This assumes that ldd libopen-pal.so doesn’t show OMPI to actually be linked 
against the external hwloc in both cases :-)


> On Dec 10, 2014, at 10:23 AM, Brice Goglin  wrote:
> 
> Unfortunately I don't think we have any way to know which process and
> hwloc version generates a XML so far. I am currently looking at adding
> this to hwloc 1.10.1 because of this thread.
> 
> One thing that could help would be to dump the XML file that OMPI
> receives. Just write the entire buffer to a file before passing it to
> hwloc, and send it to me in the broken case. If "lstopo -i file.xml"
> shows the warning, we'll know for sure it's coming from a old hwloc
> somewhere.
> 
> Brice
> 
> 
> 
> Le 10/12/2014 19:11, Ralph Castain a écrit :
>> Brice: is there any way to tell if these are coming from Slurm vs OMPI? 
>> Given this data, I’m suspicious that this might have something to do with 
>> Slurm and not us.
>> 
>> 
>>> On Dec 10, 2014, at 9:45 AM, Pim Schellart  wrote:
>>> 
>>> Dear Gilles et al.,
>>> 
>>> we tested with openmpi compiled from source (version 1.8.3) both with:
>>> 
>>> ./configure --prefix=/usr/local/openmpi --disable-silent-rules 
>>> --with-libltdl=external --with-devel-headers --with-slurm 
>>> --enable-heterogeneous --disable-vt --sysconfdir=/etc/openmpi
>>> 
>>> and
>>> 
>>> ./configure --prefix=/usr/local/openmpi --with-hwloc=/usr 
>>> --disable-silent-rules --with-libltdl=external --with-devel-headers 
>>> --with-slurm --enable-heterogeneous --disable-vt --sysconfdir=/etc/openmpi
>>> 
>>> (e.g. with embedded and external hwloc) and the issue remains the same. 
>>> Meanwhile we have found another interesting detail. A job is started 
>>> consisting of four tasks split over two nodes. If this is the only job 
>>> running on those nodes the out-of-order warnings do not appear. However, if 
>>> multiple jobs are running the warnings do appear but only for the jobs that 
>>> are started later. We suspect that this is because for the first started 
>>> job the CPU cores assigned are 0 and 1 whereas they are different for the 
>>> later started jobs.

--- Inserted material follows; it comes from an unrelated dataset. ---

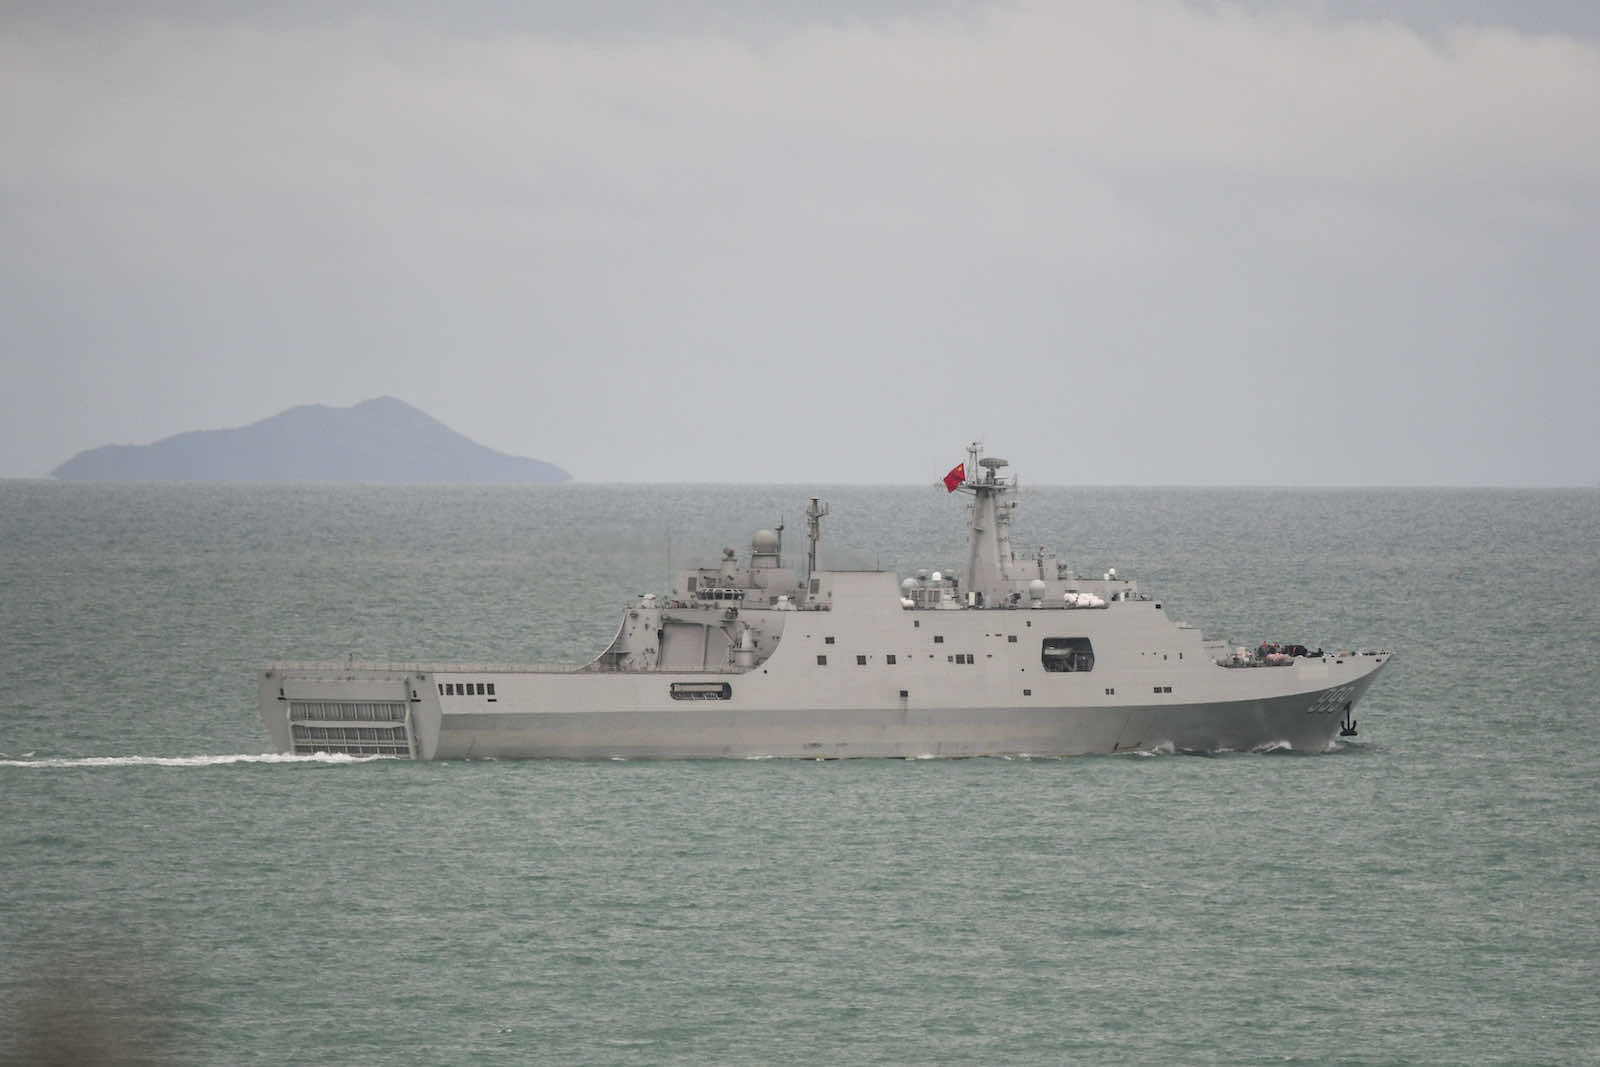 A PLA-N Yuzhao-class amphibious transport dock vessel transiting the Torres Strait on 18 February, a day after the reported lasing of a RAAF P-8A (Department of Defence)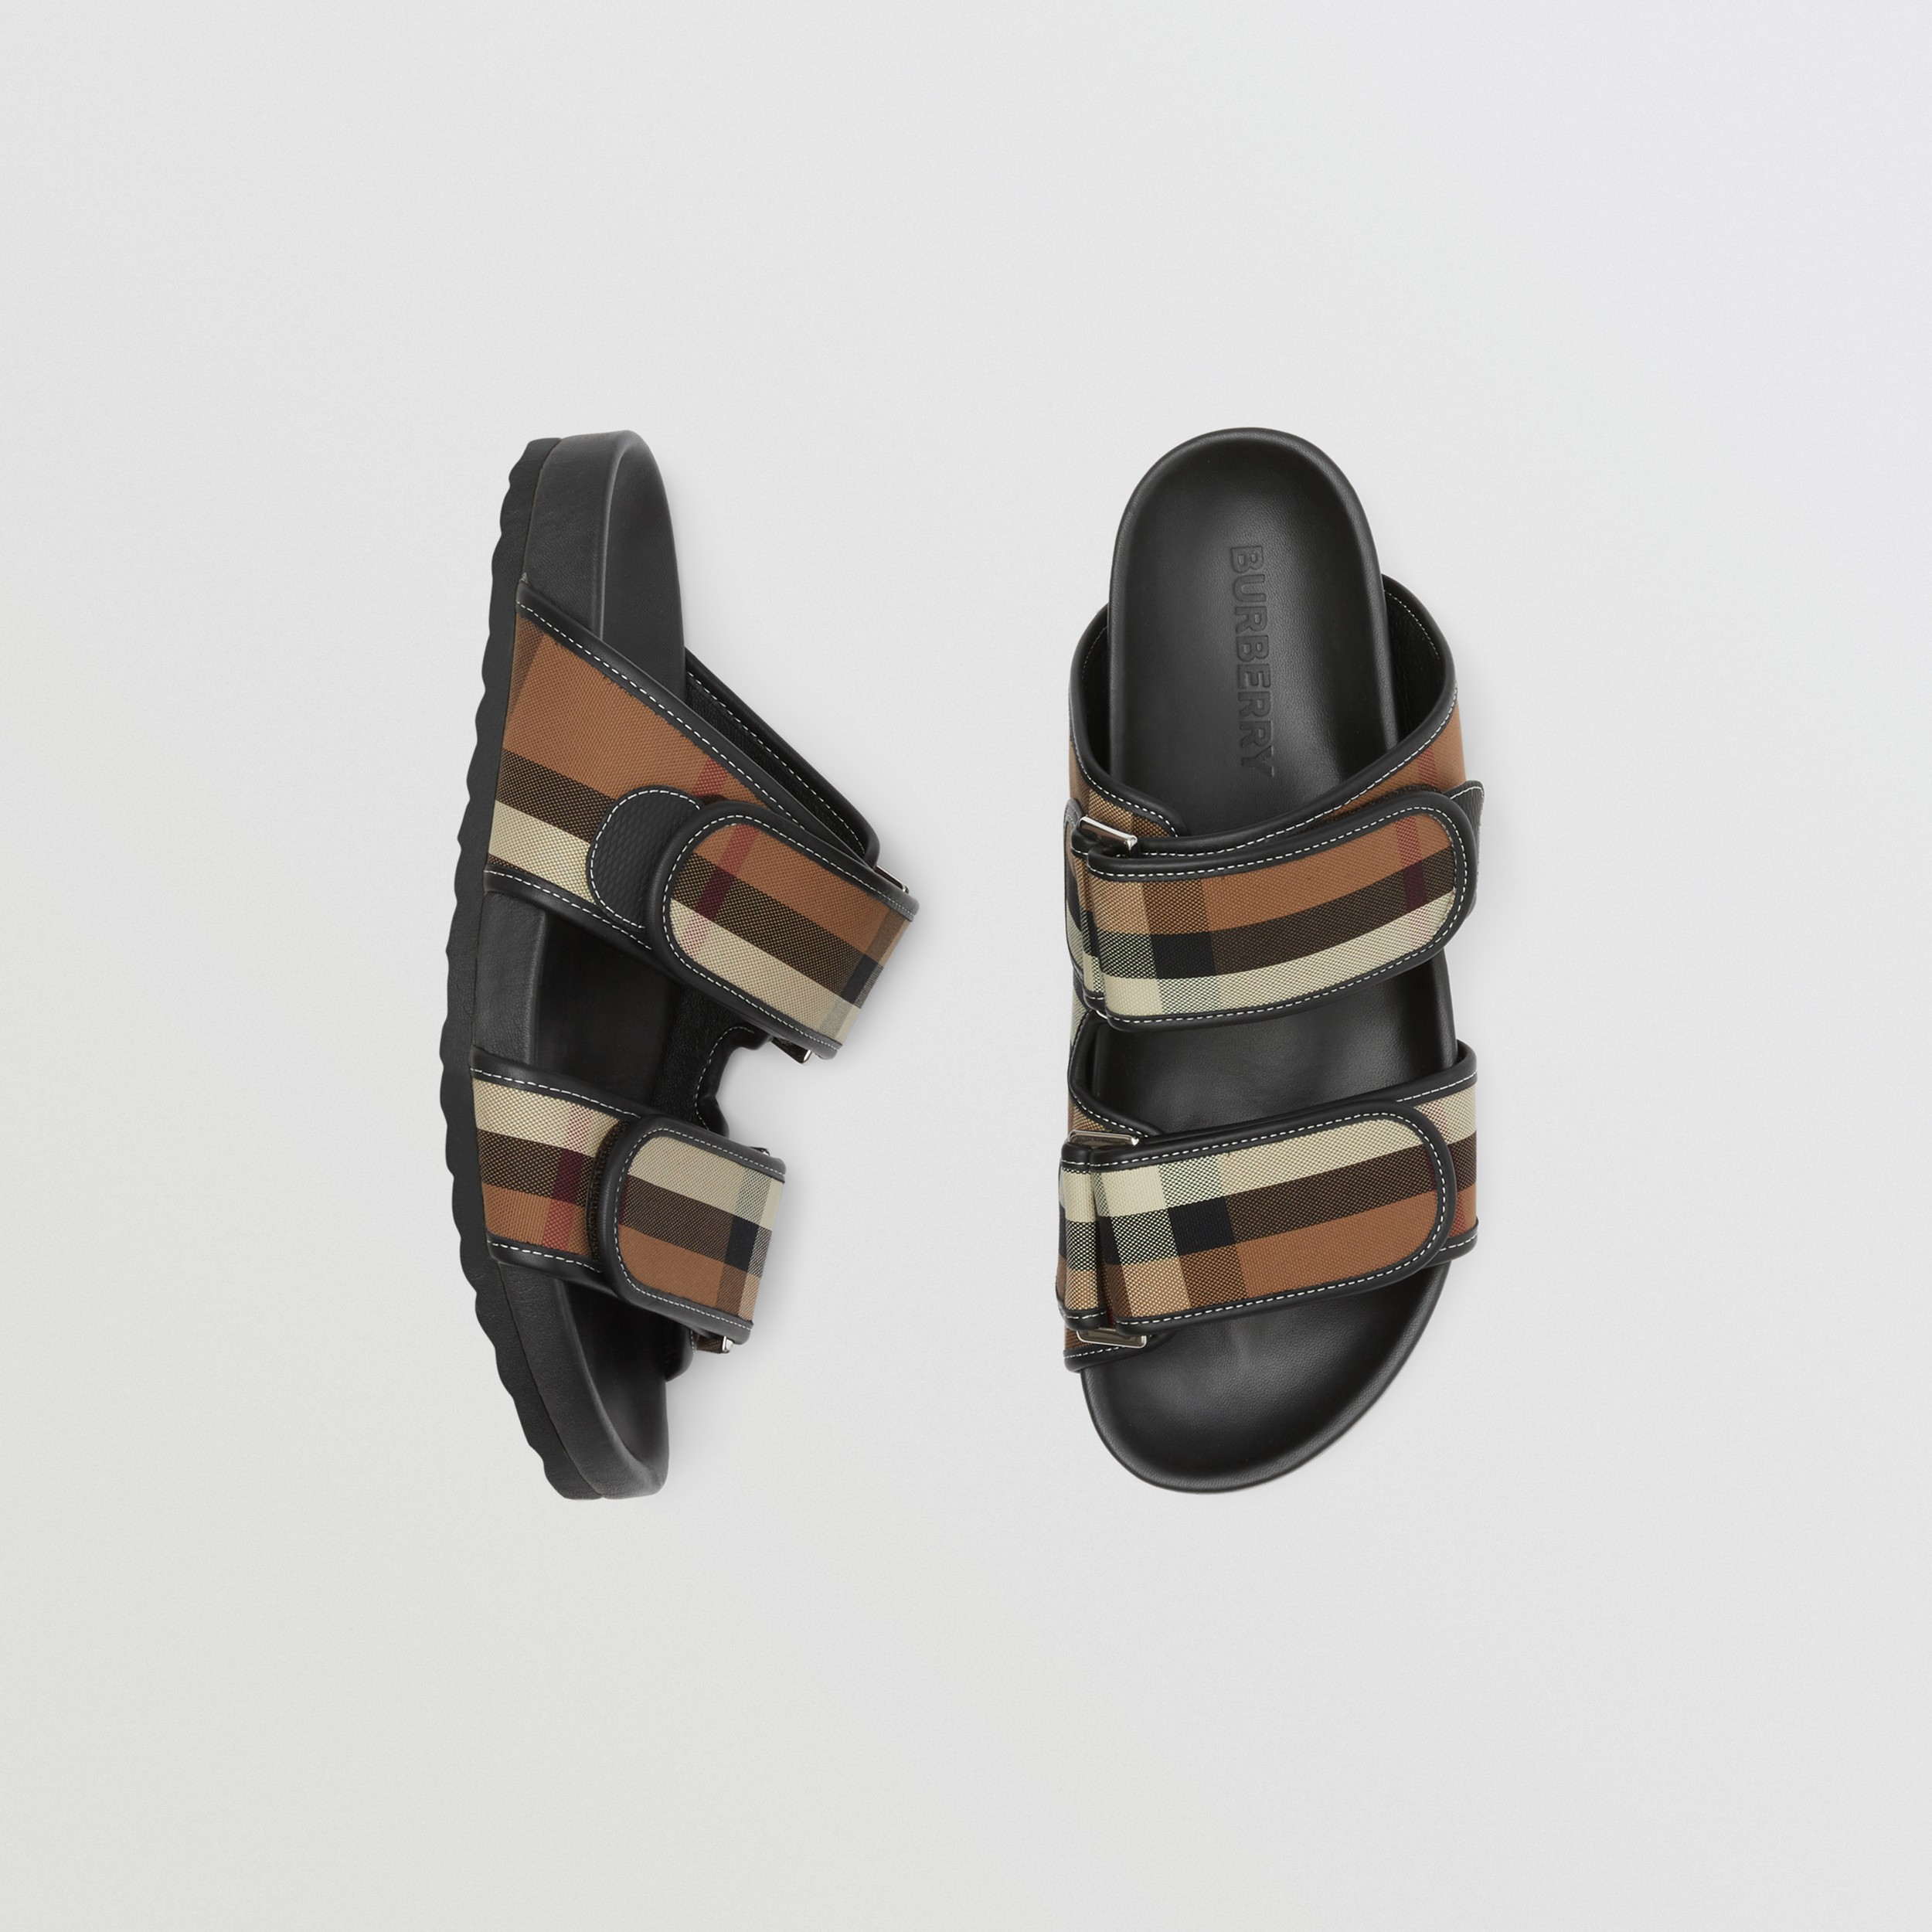 burberry.com | Check Cotton and Leather Sandals

I attached the output (including lstopo —of xml output 
>>> (called for each task)) for both the working and broken case again.
>>> 
>>> Kind regards,
>>> 
>>> Pim Schellart
>>> 
>>> 
>>> 
 On 09 Dec 2014, at 09:38, Gilles Gouaillardet 
  wrote:
 
 Pim,
 
 if you configure OpenMPI with --with-hwloc=external (or something like
 --with-hwloc=/usr) it is very likely
 OpenMPI will use the same hwloc library (e.g. the "system" library) that
 is used by SLURM
 
 /* i do not know how Ubuntu packages OpenMPI ... */
 
 
 The default (e.g. no --with-hwloc parameter in the configure command
 line) is to use the hwloc library that is embedded within OpenMPI
 
 Gilles
 
 On 2014/12/09 17:34, Pim Schellart wrote:
> Ah, ok so that was where the confusion came from, I did see hwloc in the 
> SLURM sources but couldn’t immediately figure out where exactly it was 
> used. We will try compiling openmpi with the embedded hwloc. Any 
> particular flags I should set?
> 
>> On 09 Dec 2014, at 09:30, Ralph Castain  wrote:
>> 
>> There is no linkage between slurm and ompi when it comes to hwloc. If 
>> you directly launch your app using srun, then slurm will use its version 
>> of hwloc to do the binding. If you use mpirun to launch the app, then 
>> we’ll use our internal version to do it.
>> 
>> The two are completely isolated from each other.
>> 
>> 
>>> On Dec 9, 2014, at 12:25 AM, Pim Schellart  
>>> wrote:
>>> 
>>> The version that “lstopo --version” reports is the same (1.8) on all 
>>> nodes, but we may indeed be hitting the second issue. We can try to 
>>> compile a new version of openmpi, but how do we ensure that the 
>>> external programs (e.g. SLURM) are using the same hwloc version as the 
>>> one embedded in openmpi? Is it enough to just compile hwloc 1.9 
>>> separately as well and link against that? Also, if this is an issue, 
>>> should we file a bug against hwloc or openmpi on Ubuntu for mismatching 
>>> versions?
>>> 
 On 09 Dec 2014, at 00:50, Ralph Castain  wrote:
 
 Hmmm…they probably linked that to the external, system hwloc version, 
 so it sounds like one or more of your nodes has a different hwloc rpm 
 on it.
 
 I couldn’t leaf thru your output well enough to see all the lstopo 
 versions, but you might check to ensure they are the same.
 
 Looking at the code base, you may also hit a problem here. OMPI 1.6 
 series was based on hwloc 1.3 - the output you sent indica

Re: [OMPI devel] hwloc out-of-order topology discovery with SLURM 14.11.0 and openmpi 1.6

2014-12-10 Thread Brice Goglin
Unfortunately I don't think we have any way to know which process and
hwloc version generates a XML so far. I am currently looking at adding
this to hwloc 1.10.1 because of this thread.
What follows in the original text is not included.